To determine the type of function represented by the table of values, we will analyze the provided data:
- The table gives \( x \) values: 1, 2, 3, 4, 5
- Corresponding \( f(x) \) values: 5376, 6720, 8400, 10500, 13125
Step 1: Check for Patterns
Let's look at the differences between the consecutive \( f(x) \) values.
- \( f(2) - f(1) = 6720 - 5376 = 1344 \)
- \( f(3) - f(2) = 8400 - 6720 = 1680 \)
- \( f(4) - f(3) = 10500 - 8400 = 2100 \)
- \( f(5) - f(4) = 13125 - 10500 = 2625 \)
Now, let's observe the differences of the differences to see if it can help us identify the function type (i.e., linear, quadratic, polynomial, exponential, etc.):
- Second differences:
- \( 1680 - 1344 = 336 \)
- \( 2100 - 1680 = 420 \)
- \( 2625 - 2100 = 525 \)
The second differences are not constant, which suggests that the function is not linear.
Step 2: Analyze Ratio of Consecutive Terms
To identify a possible multiplicative pattern or exponential growth, let's calculate the ratios of \( f(x) \) values:
- \( \frac{f(2)}{f(1)} = \frac{6720}{5376} \approx 1.25 \)
- \( \frac{f(3)}{f(2)} = \frac{8400}{6720} \approx 1.25 \)
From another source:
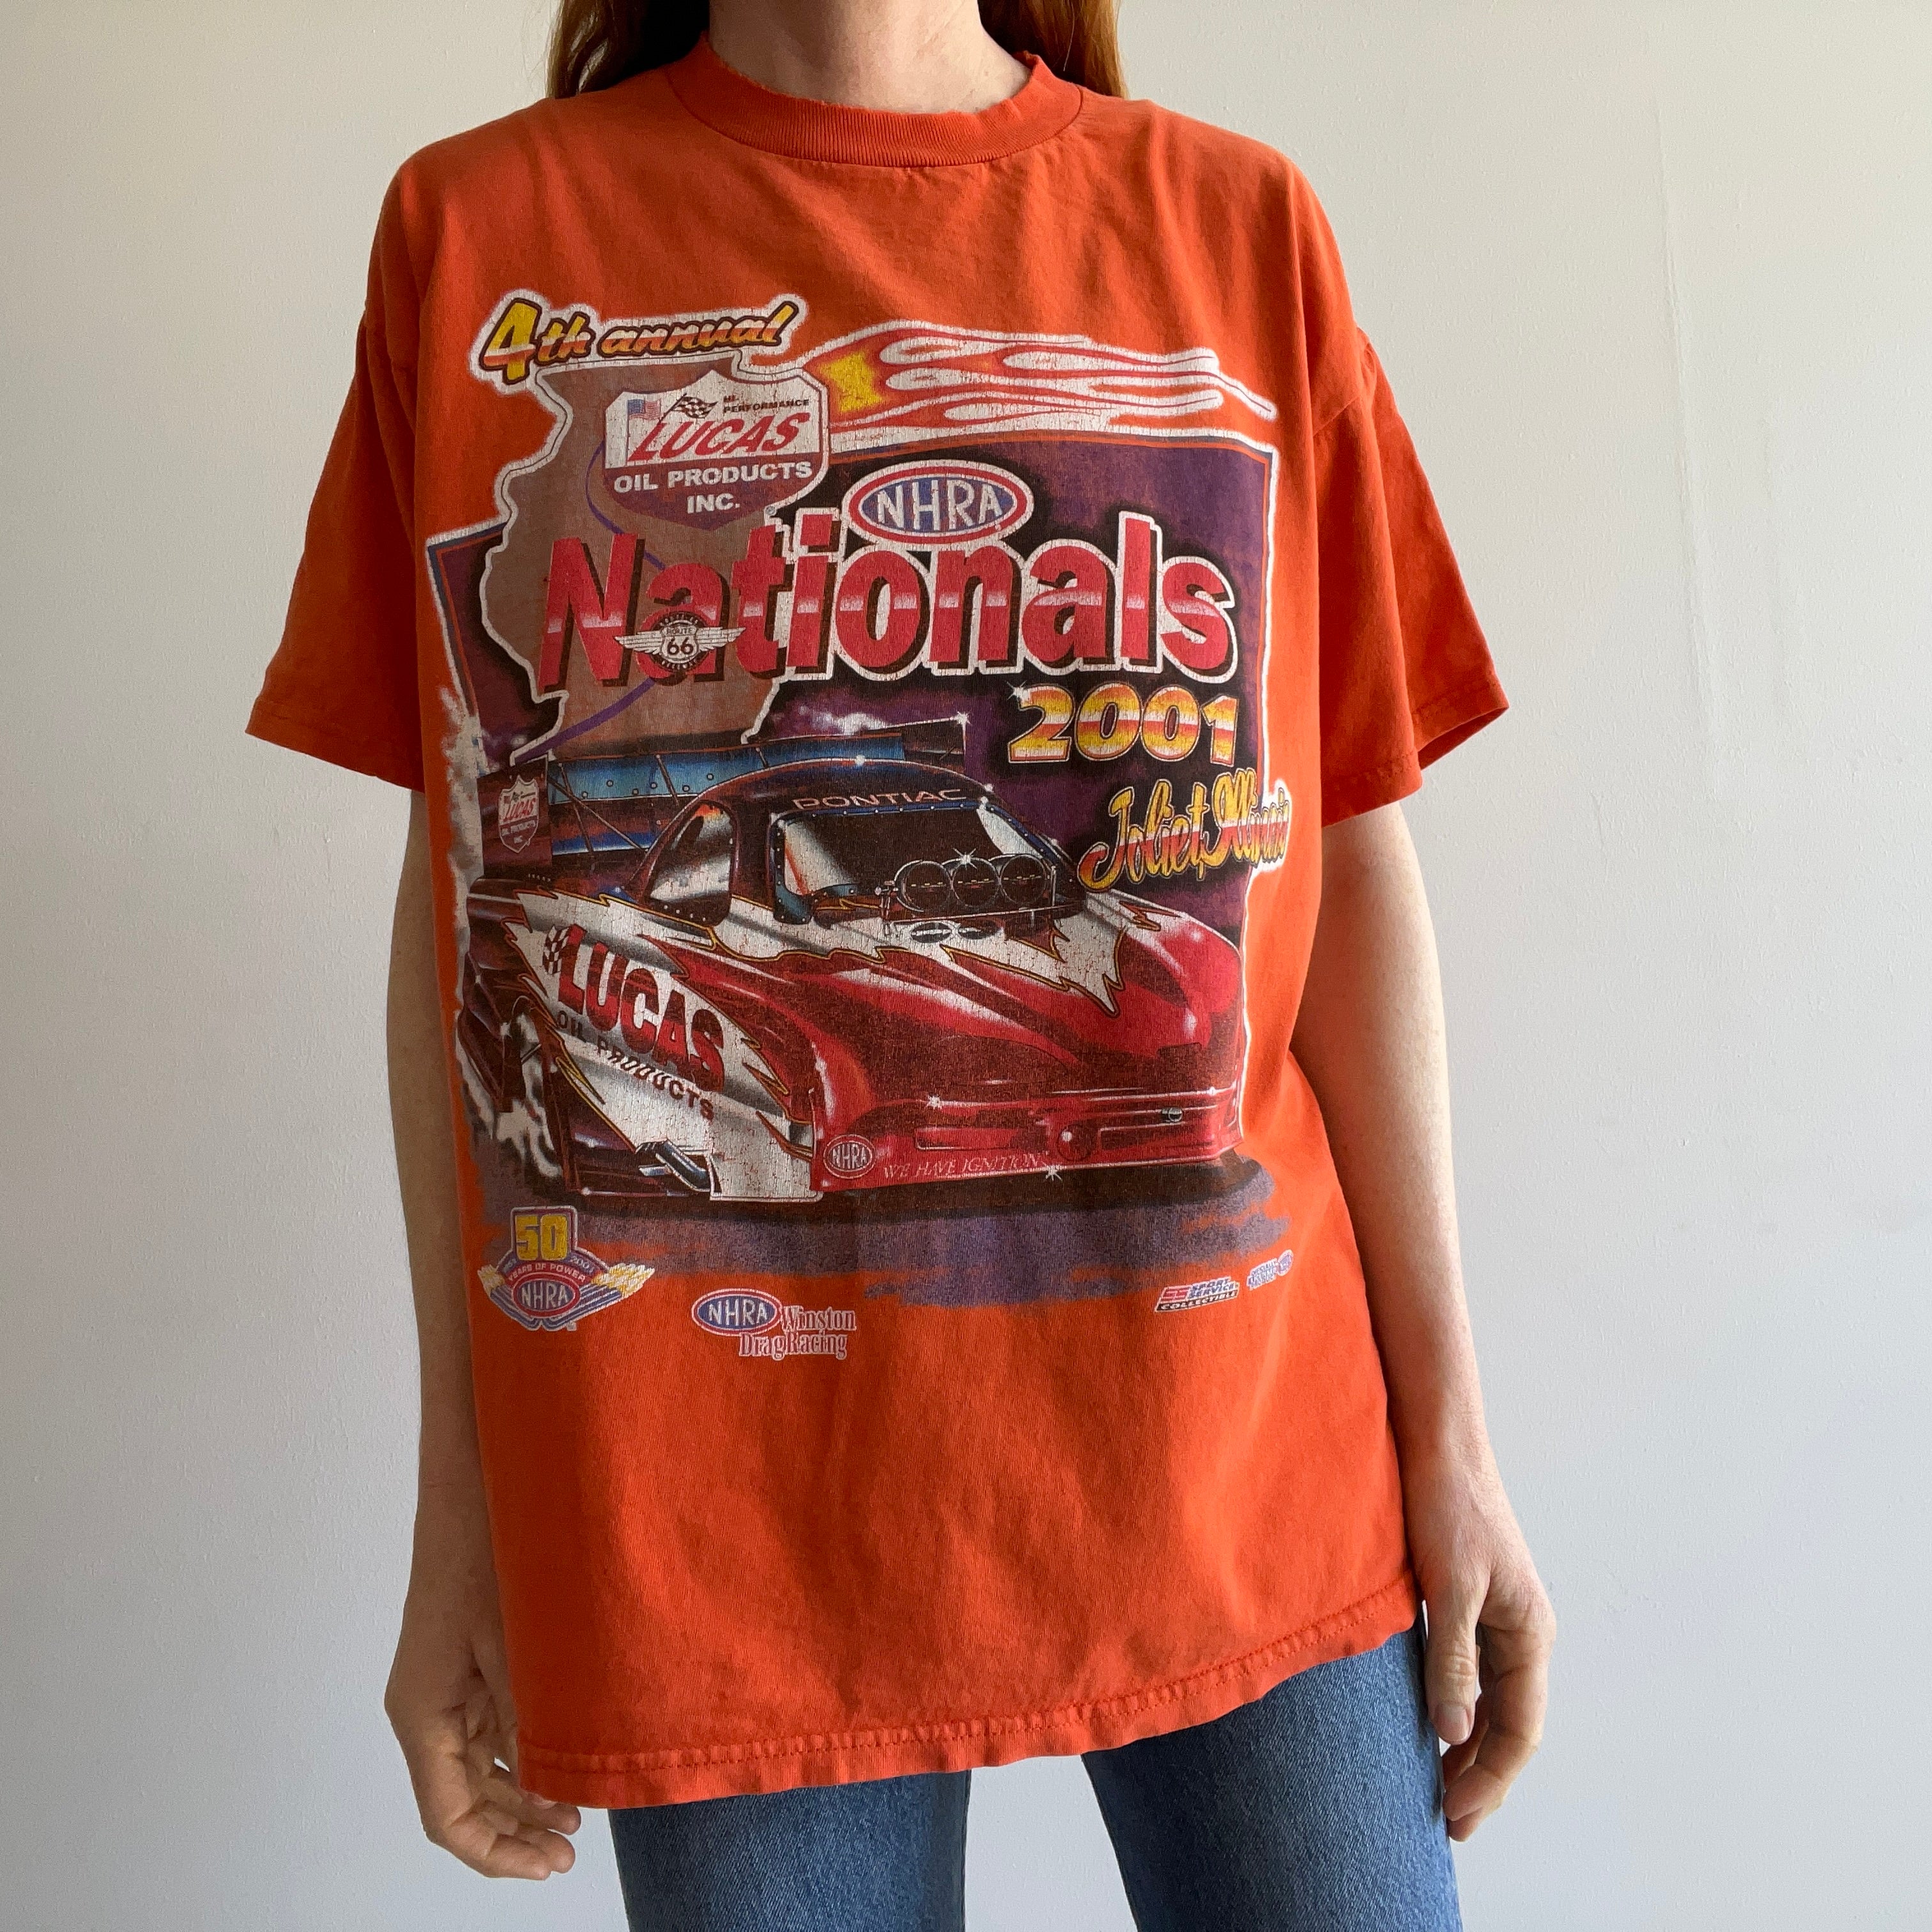 vintage drag racing shirts

- \( \frac{f(4)}{f(3)} = \frac{10500}{8400} \approx 1.25 \)
- \( \frac{f(5)}{f(4)} = \frac{13125}{10500} \approx 1.25 \)
Conclusion
The ratios of consecutive \( f(x) \) values are approximately constant (around 1.25), indicating that this function has a characteristic of exponential growth. Since it appears that every increase in \( x \) results in multiplication by a consistent factor of approximately 1.25, we can conclude that:
This function is exponential because the ratios of consecutive outputs are constant, implying a multiplicative growth pattern.